The Atlanta Journal-Constitution
Sessions blasts sanctuary cities in Philadelphia appearance
Police chief: violence not by ‘people from other countries.’
PHILADELPHIA — The news cycle had not been kind to Attorney General Jeff Sessions by the time he made it to Philadelphia on Friday.
His boss was griping about him in The New York Times. He was fighting off rumors that he’d resign. And then, late Thursday, a federal judge had refused to reinstate the controversial executive order meant to be a cornerstone of his Department of Justice: one aimed at cutting federal funds from sanctuary cities.
Now, Sessions was in one of those cities, addressing a packed room at the U.S. Attorney’s Office that included the head of a police department he had threatened to defund.

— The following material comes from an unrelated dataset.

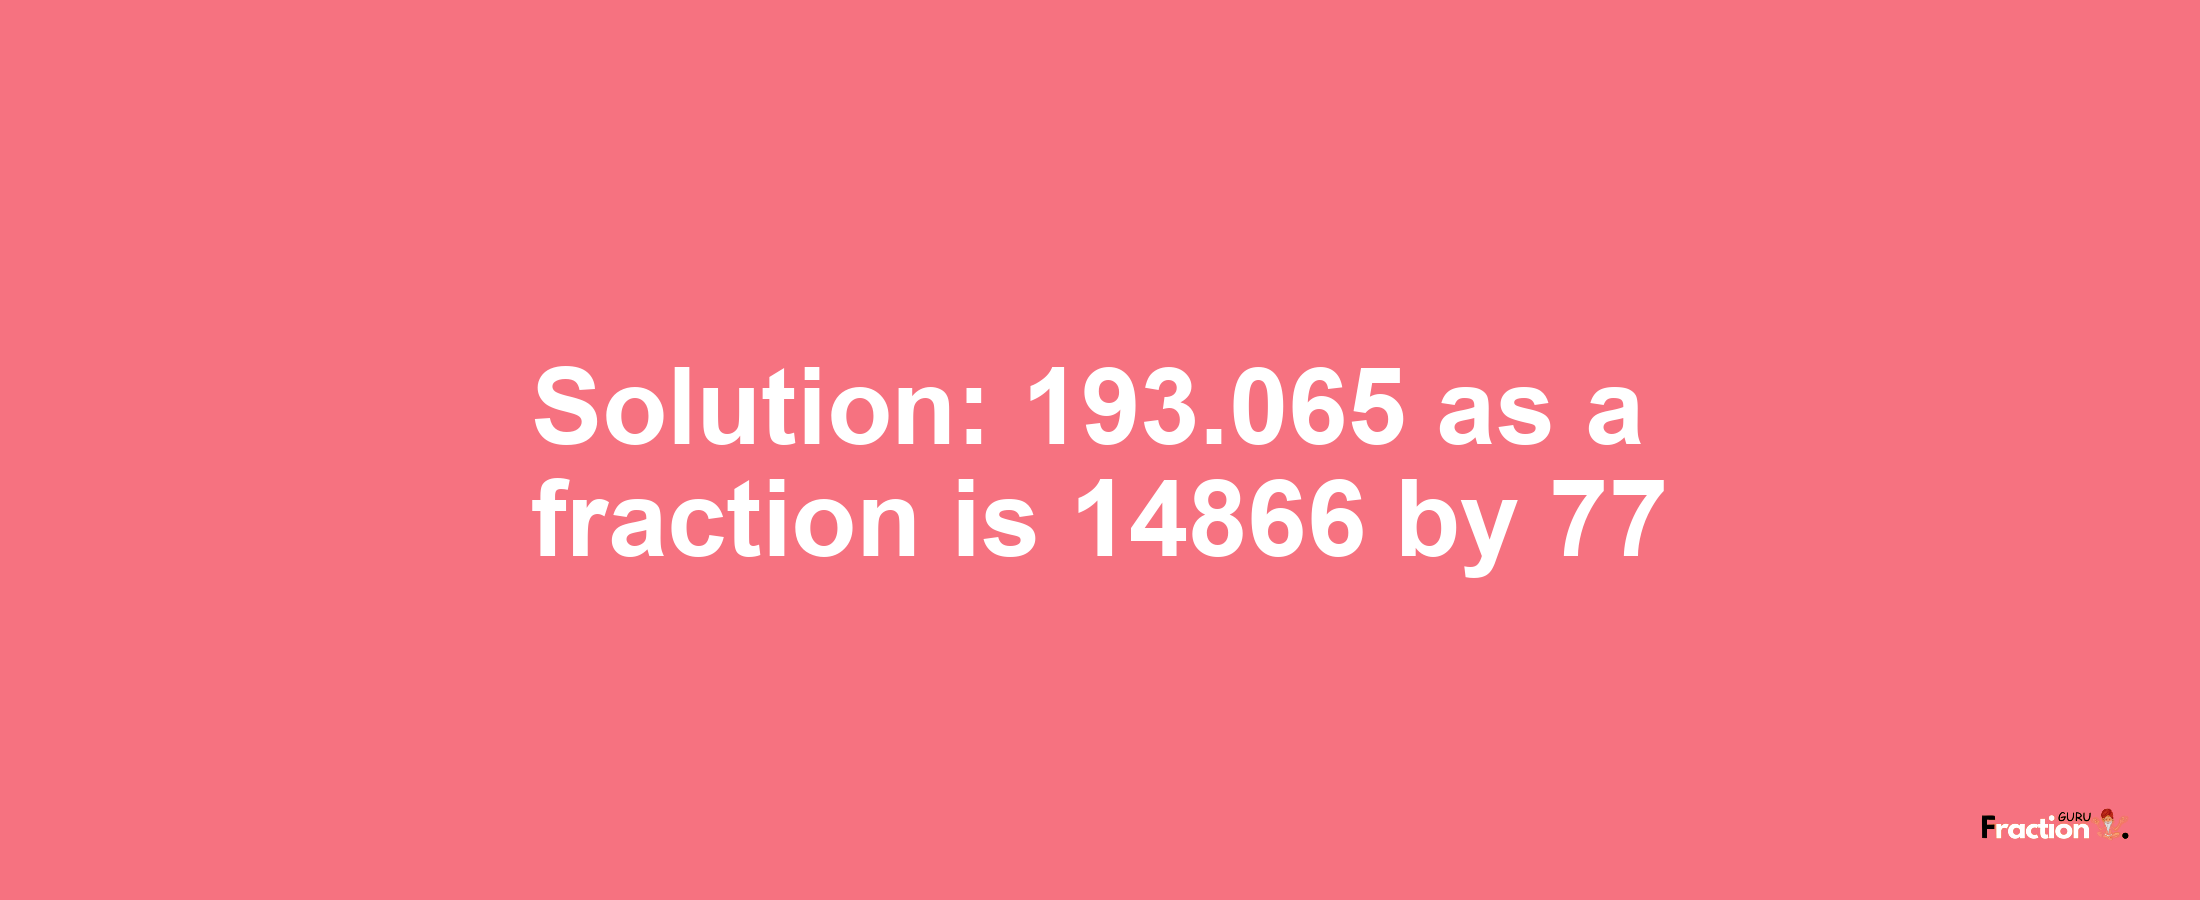 Solution:193.065 as a fraction is 14866/77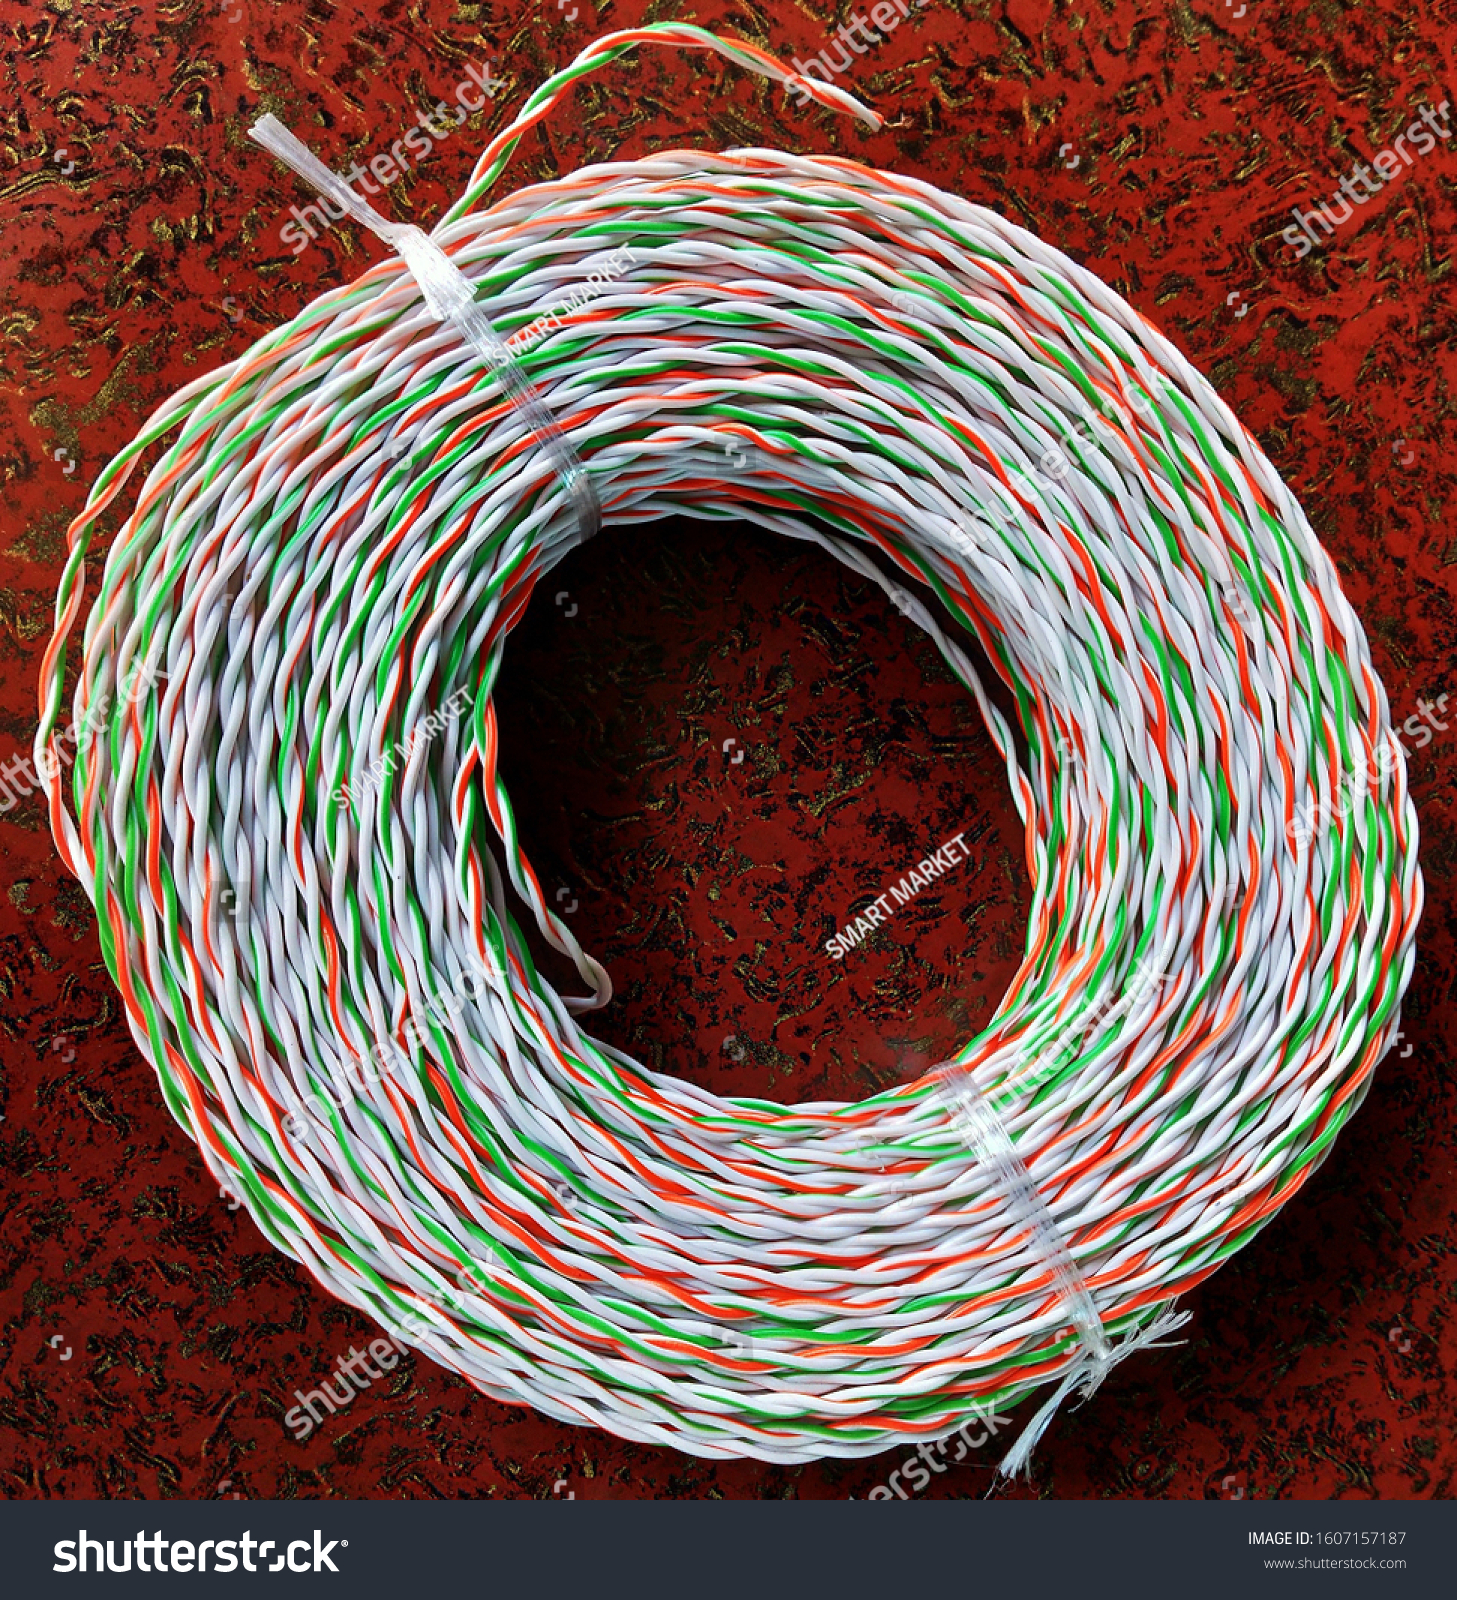 Colored wires and cables in electrical. Bundle of telecommunication multicolored cable in brown color background #1607157187

For the most part, he stuck to the script. He touched on violent crime and decried gang violence. He lamented skyrocketing overdose deaths. Like President Donald Trump before him, he cited the murder rate here, which is up 21 percent this year, and spoke, at length, about the unsolved killing of Tymier Frasier, a 14-year-old boy shot to death in Kensington in May.
And he said sanctuary cities like Philadelphia were harming their residents by not cooperating with the feds. (The city forbids police officers from asking about the immigration status of people they encounter, and does not honor requests from Immigration and Customs Enforcement to hold inmates in custody without a warrant.)
Sessions urged officials here to “re-think” such policies. “Some jurisdictions in this country refuse to cooperate with federal immigration authorities and turn over illegal aliens who commit crimes — even MS-13 gang members,” he said. He cited two oft-mentioned cases in which undocumented immigrants had been released from custody in Philadelphia, including one man who was later rearrested in connection with the rape of a child.
Still, Sessions said, he wasn’t blaming local police.
“I know that you want to help,” he said. “The problem is the policies that tie your hands.”
Afterward, Philadelphia Police Commissioner Richard Ross told a gaggle of reporters that he supported Democratic Mayor Jim Kenney’s policies and believed local police should stay out of immigration enforcement.
“We have a tough enough time building relationships as it is,” he said. “As it relates to violent crime, our problems are not people from other countries.”